24

I use

sns.distplot 

to plot a univariate distribution of observations. Still, I need not only the chart, but also the data points. How do I get the data points from matplotlib Axes (returned by distplot)?

tesgoe
  • 1,012
  • 3
  • 10
  • 19

4 Answers4

31

You can use the matplotlib.patches API. For instance, to get the first line:

sns.distplot(x).get_lines()[0].get_data()

This returns two numpy arrays containing the x and y values for the line.

For the bars, information is stored in:

sns.distplot(x).patches

You can access the bar's height via the function patches.get_height():

[h.get_height() for h in sns.distplot(x).patches]
ekhumoro
  • 115,249
  • 20
  • 229
  • 336
Nils Gudat
  • 13,222
  • 3
  • 39
  • 60
  • 8
    This is not strictly reliable.
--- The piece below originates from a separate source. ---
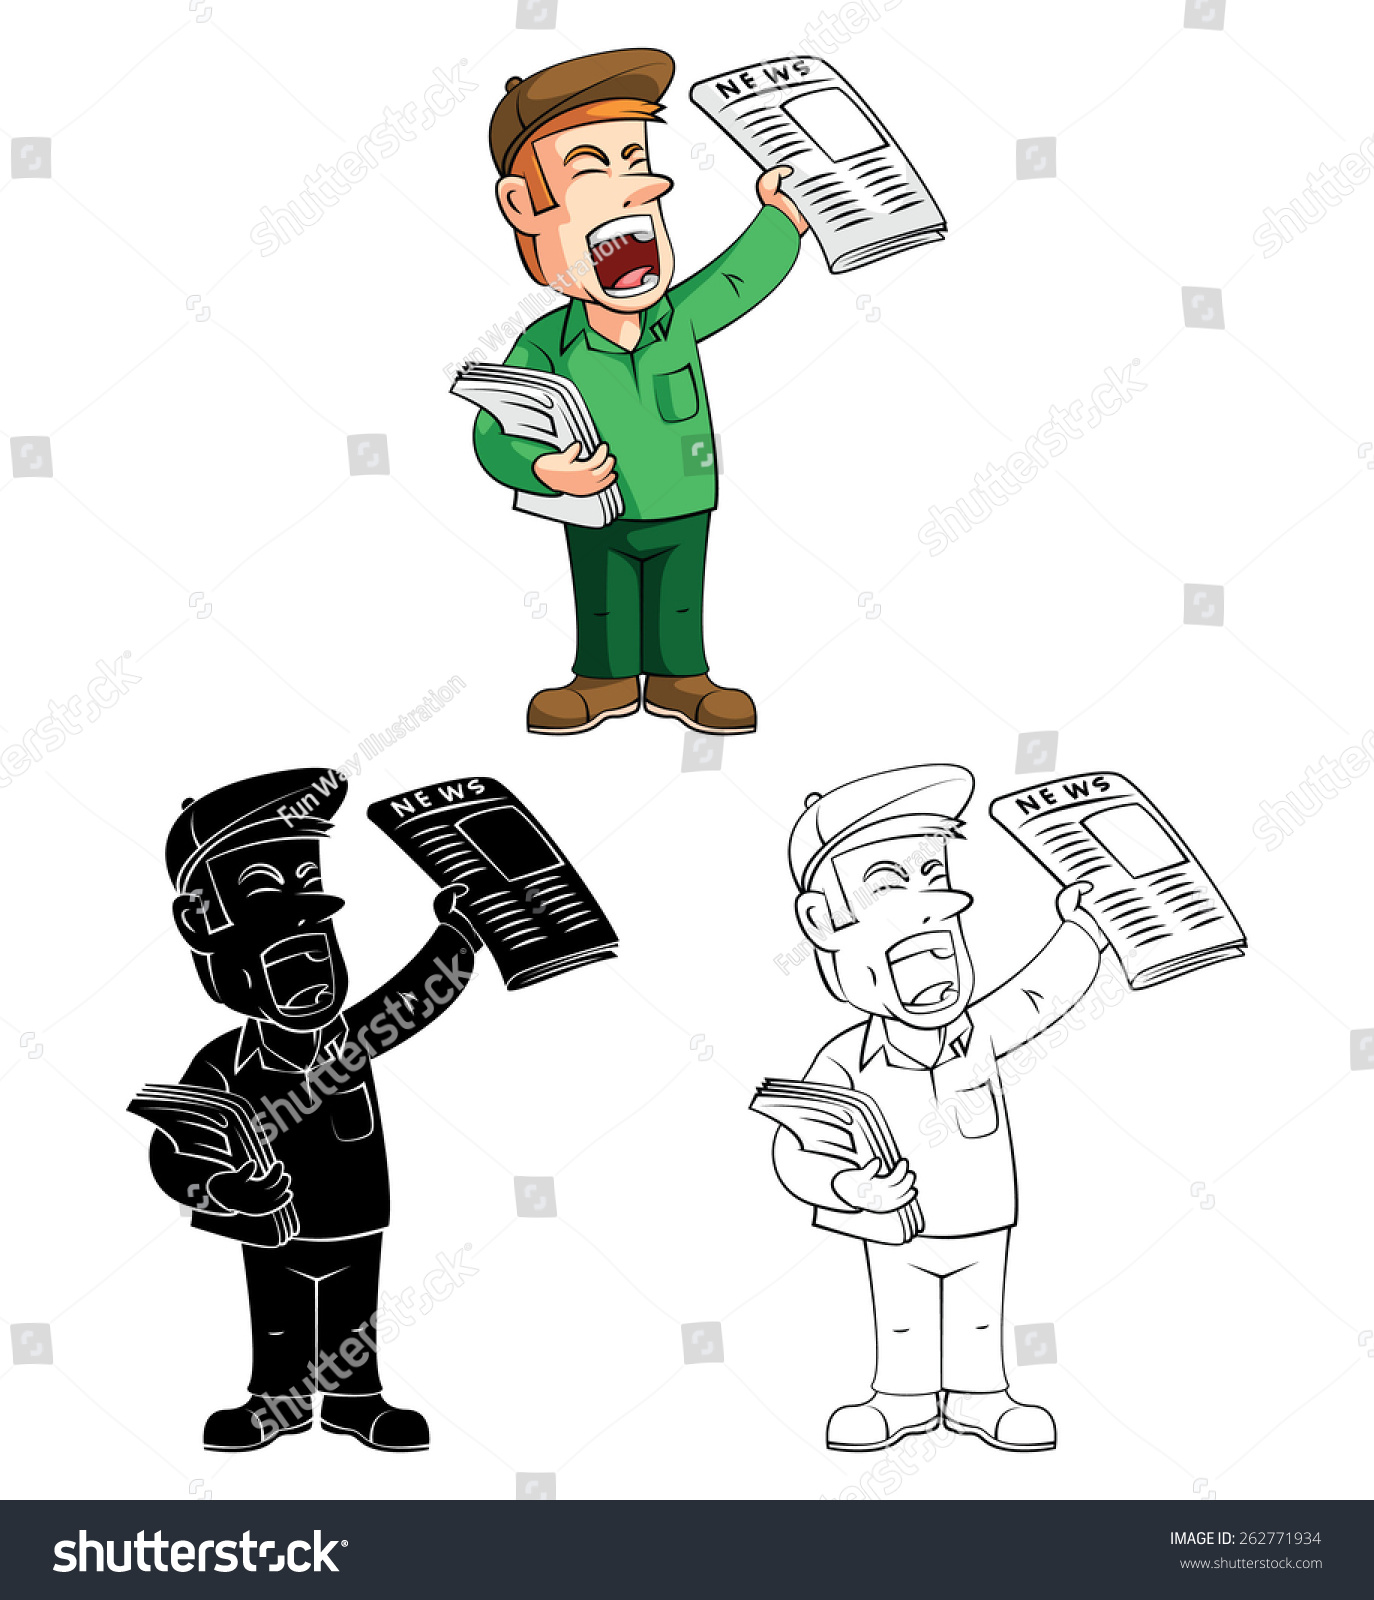 coloring book paper boy cartoon character - Coloring Book Paper Stock

If there were any lines on the `Axes` before the call to `distplot` you will get the data from that line. – tacaswell May 22 '16 at 19:23
  • 4
    Another tip: to get the bin left edges, widths as well as the heights do: `l = [[h.xy[0], h.get_width(), h.get_height()] for h in sns.distplot(x).patches]` – KamKam Feb 27 '20 at 11:26
  • 2
    I have just tested the solution and it does not work for me as 'get_lines()' is not a valid method for a FacetGrid Object. I have succeeded using this answer : https://stackoverflow.com/questions/46248348/seaborn-matplotlib-how-to-access-line-values-in-facetgrid – eidal Feb 10 '21 at 13:41
7

If you want to obtain the kde values of an histogram you can use scikit-learn KernelDensity function instead:

import numpy as np
import pandas as pd
from sklearn.neighbors import KernelDensity

ds=pd.read_csv('data-to-plot.csv')
X=ds.loc[:,'Money-Spent'].values[:, np.newaxis]


kde = KernelDensity(kernel='gaussian', bandwidth=0.75).fit(X) #you can supply a bandwidth
                                                              #parameter. 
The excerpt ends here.